Cotten, according to sources, ran the business from his laptop, with no permanent office. Despite its rough start, the firm expanded as the price of bitcoin skyrocketed in 2017 from $1,000 to over $20,000. People wanted a piece of the action, and the firm grew to 350,000 users trading more than a billion dollars in assets. However, the price increase was not to endure. Customers tried to cash out what they could when bitcoin collapsed in 2018, and here is where the issue began.
Who was Gerald Cotten?
To understand why so many people trusted a one-man show with their money, it is necessary to know who that man was. Gerald Cotten was an early cryptocurrency advocate who was a founding member of the Vancouver Bitcoin Co-op in 2013. On the surface, he appeared to be a “good Canadian guy” who was an expert in cryptocurrencies and believed in the capacity of bitcoin, and cryptocurrency in general, to be a transformative financial technology.
According to a long Vanity Fair feature, Cotten always had a smile on his face. It was a calm, unflappable grin. It put outsiders at ease and made him appear cheerful.
Unlike other CEOs, such as Binance’s Changpeng Zhao, Cotten avoided the spotlight and was not well-known. QuadrigaCX, on the other hand, was a frequent supporter of local crypto educational activities and charity, such as the Indian orphanage that he claimed was the cause for his December 2018 visit.
When QuadrigaCX’s business took off, it was still impossible for most individuals to invest in cryptocurrencies, and the company benefited from being one of the first to market.

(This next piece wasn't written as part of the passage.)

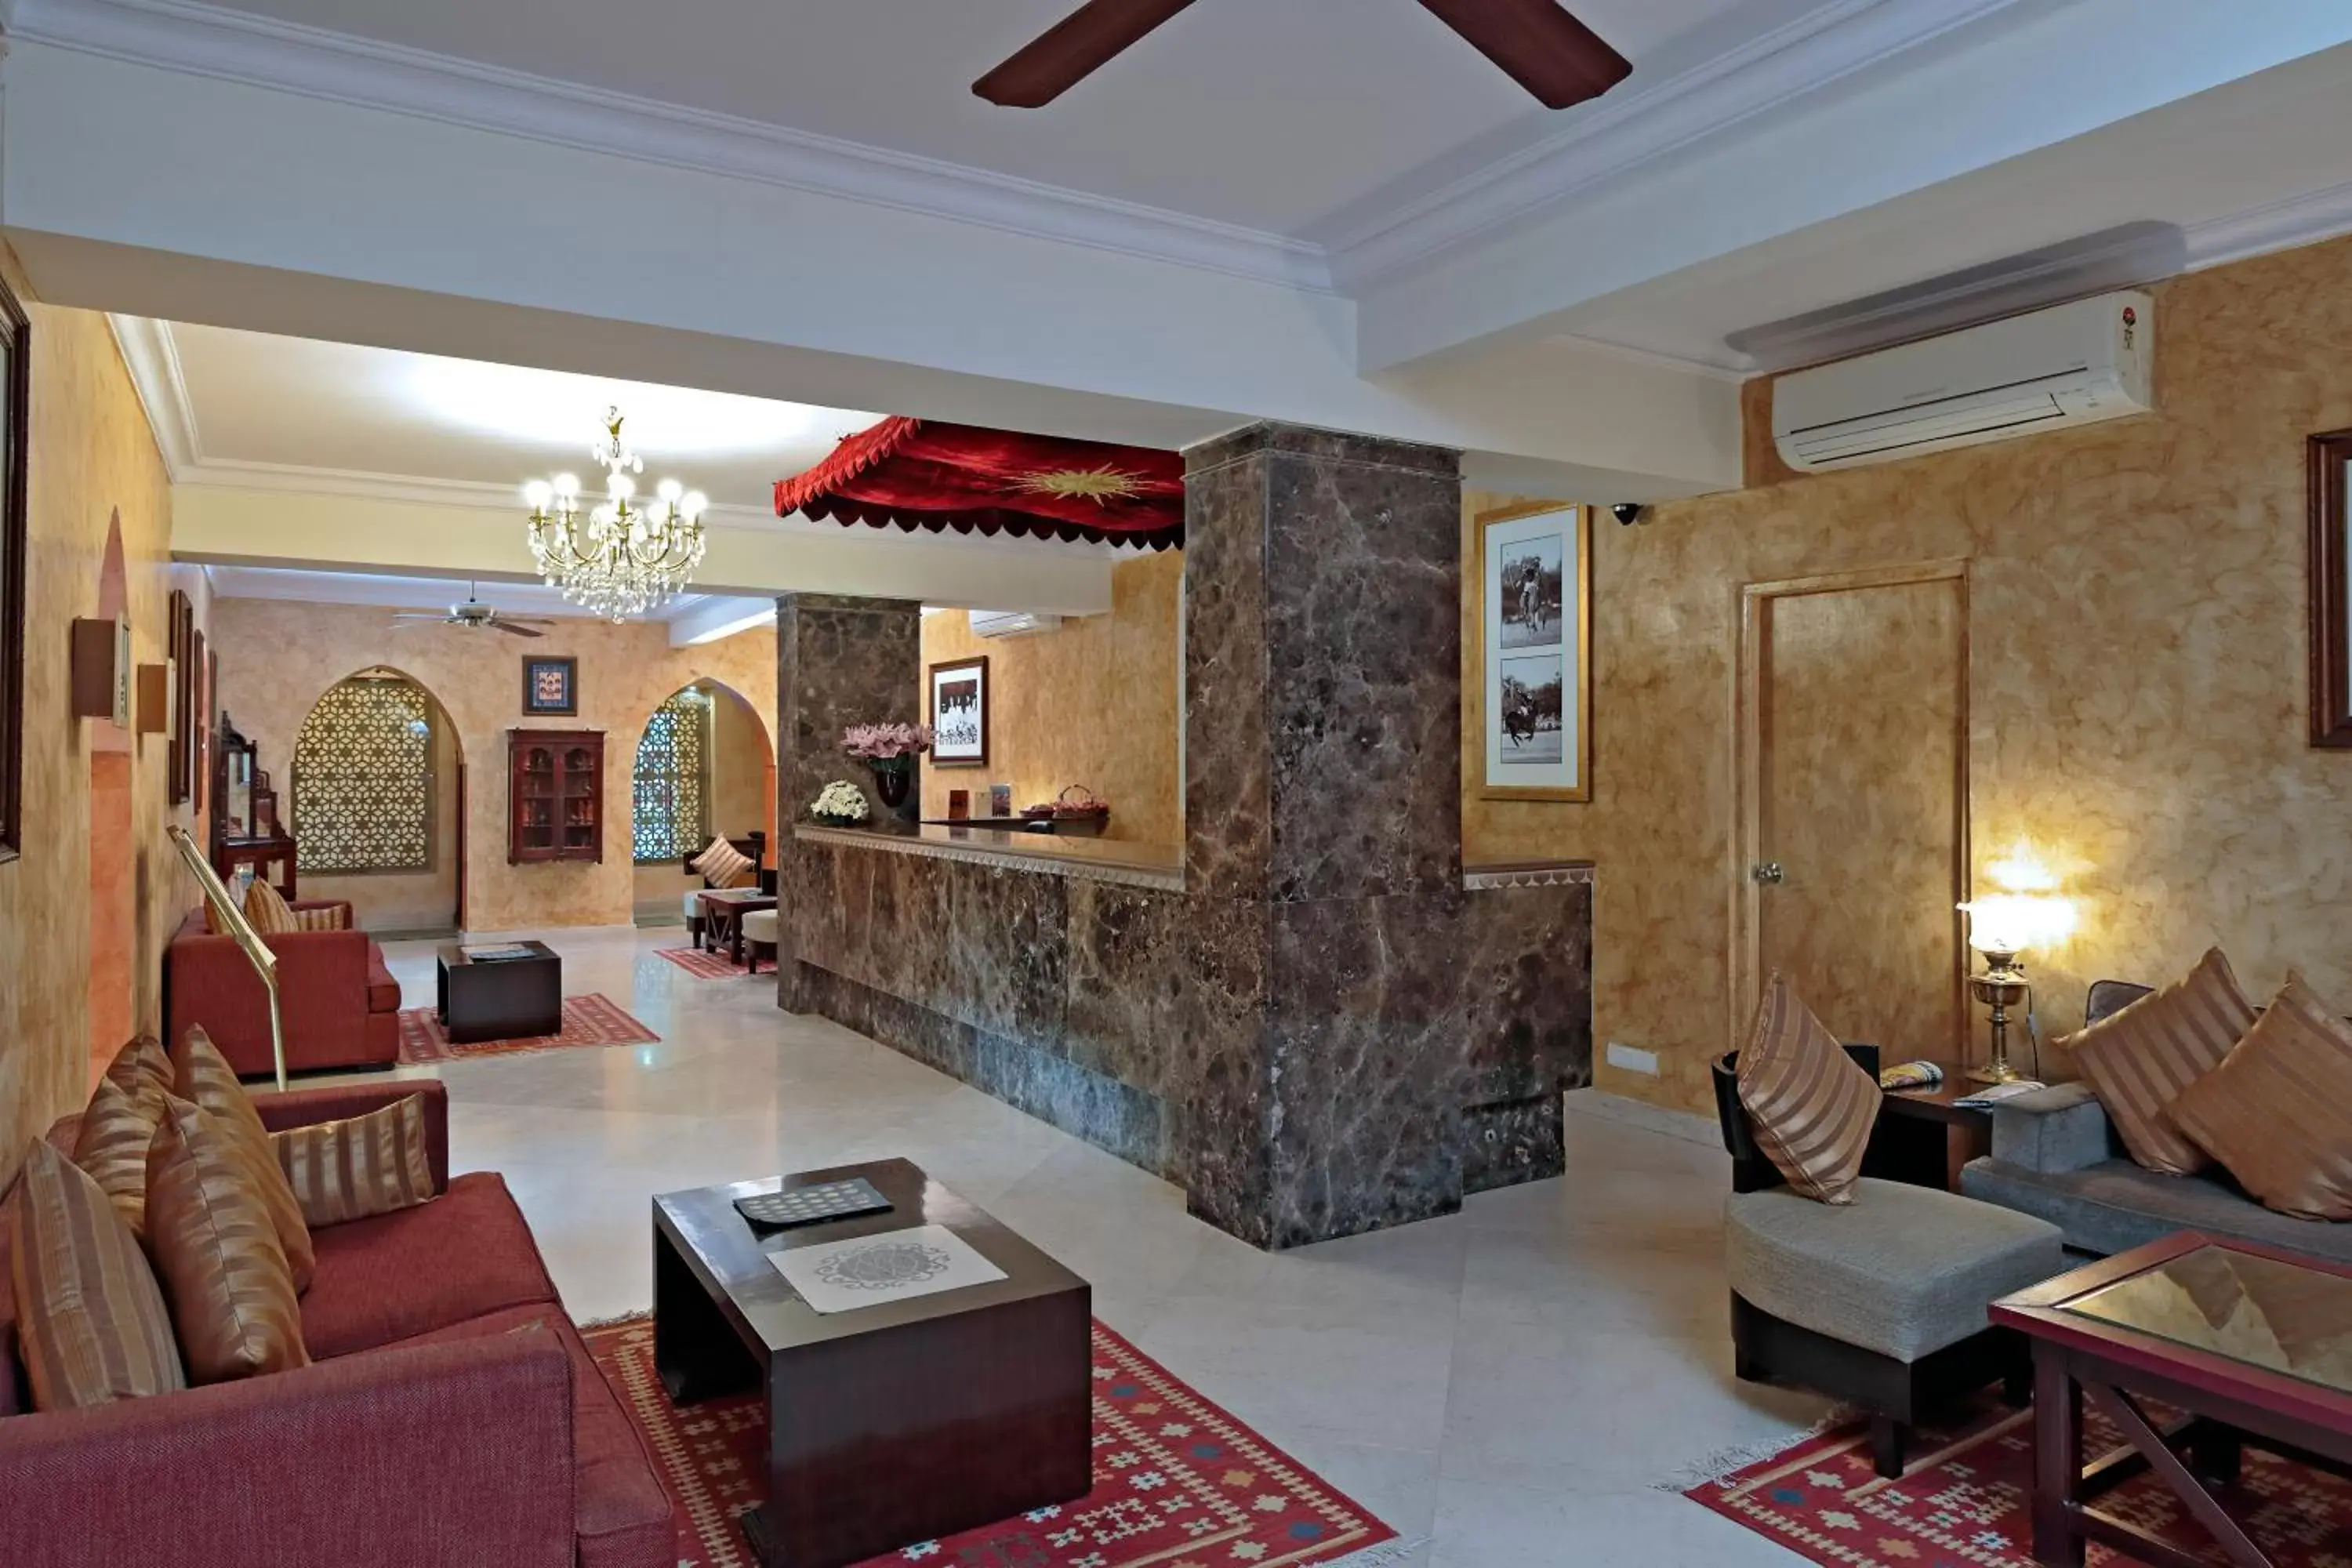 Lobby or reception, Lobby/Reception in Ranbanka Palace

Cotten’s bitcoin enthusiasm and understanding were obvious, and some of the company’s success may be credited to his early attempts to appear to care more about helping others understand and grasp the potential of Bitcoin than making a profit.
However, things were not as straightforward as they looked. All of this was brought to light by Cotten’s death, which is currently being investigated.
It was revealed that the cold storage wallets that were intended to hold QuadrigaCX’s reserves only contained a small portion of the missing $190 million. In June 2019, accounting firm Ernst & Young released another shocking report. It described how Cotten moved millions of dollars in cryptocurrency from client accounts to other exchanges, which he subsequently used to support his extravagant lifestyle and personal trading activities.